Strasbourg, 14/06/2012 (Agence Europe) - Un haut diplomate européen a souligné, mercredi 13 juin, les inquiétudes de l'UE concernant les négociations sur le programme nucléaire de l'Iran. « L'Iran se sent de nouveau plutôt auto-assertif en termes de 'nous pouvons nous permettre de ne pas bouger à ce stade' », a expliqué le diplomate qui a énuméré, entre autres, les prix élevés du pétrole, les doutes sur la mise en œuvre du boycott pétrolier le 1er juillet, les rivalités internes ou encore les possible « mauvais calculs » comme des raisons de cette confiance.

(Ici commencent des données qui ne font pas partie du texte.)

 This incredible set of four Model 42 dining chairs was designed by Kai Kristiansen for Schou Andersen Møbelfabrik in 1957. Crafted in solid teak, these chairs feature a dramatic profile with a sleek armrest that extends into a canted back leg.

Jugeant la réunion de Bagdad « plutôt décevante » car « le négociateur en chef (iranien) n'était pas prêt à s'engager sur le fond », le diplomate a précisé: « On ne peut pas parler de percée ou d'absence de percée mais d'engagement sérieux qui conduira finalement à une percée ». « Celui qui s'attendait à une percée lors de la deuxième ou troisième réunion a probablement eu quelques illusions », a-t-il expliqué, ne se montrant pas plus confiant sur les négociations entre l'Iran et l'AIEA. « Ce qui est inquiétant, c'est que dans le même temps, la piste de l'AIEA est au point mort. Cela semble être comme un miroir de ce qui se passe dans nos négociations: un engagement sur la procédure, mais aucun sur les questions de fond », a-t-il ajouté.

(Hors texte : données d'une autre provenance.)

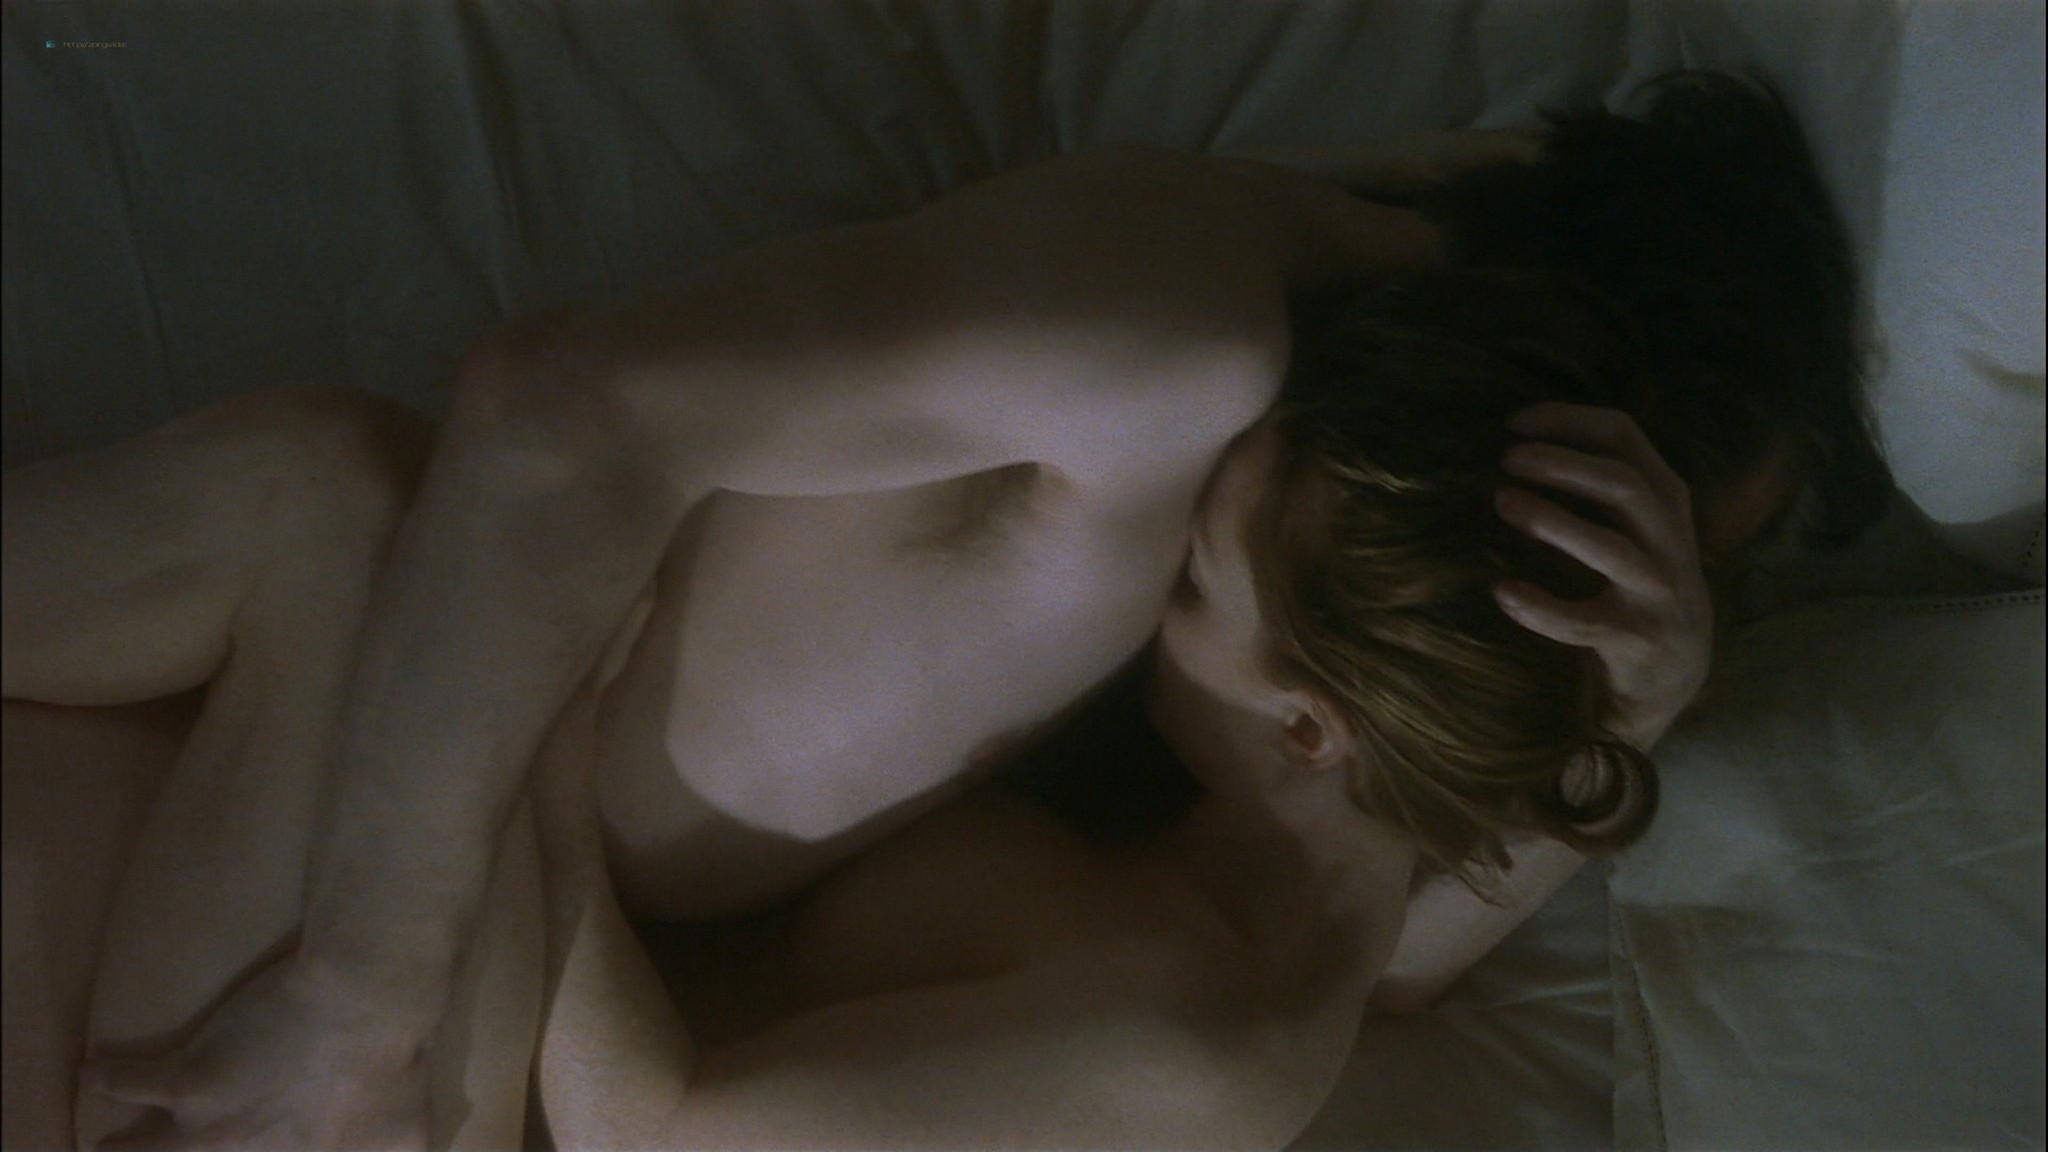 https://www.zorg.video/wp-content/uploads/2017/06/Julianne-Moore-nude-topless-and-sex-The-End-of-the-Affair-1999-HD-1080p-WEB-010.jpg

Mais l'UE veut garder espoir. Le haut diplomate a aussi précisé que l'UE est « fortement déterminée à poursuivre ce processus (de négociations) aussi longtemps qu'il y a un élan à le poursuivre et aussi longtemps qu'il y a un engagement (de l'Iran) à poursuivre sur la question nucléaire en substance ». Mais il y a bien sûr une certaine date limite. « Si l'évaluation collective ne va nulle part, nous ne devrons pas négocier pour négocier », a-t-il laissé entendre. La Haute représentante de l'UE pour les Affaires étrangères Catherine Ashton est « prête à rester aussi longtemps qu'il le faudra » à Moscou lors de la réunion des 18 et 19 juin, a indiqué le diplomate, ajoutant que « si (le négociateur iranien Saïd) Jalili respecte son engagement d'examiner la proposition de l'E3 +3 (France, Royaume-Uni, Allemagne, États-Unis, Chine, Russie), alors la prochaine réunion pourrait être plutôt tôt que tard ». (CG)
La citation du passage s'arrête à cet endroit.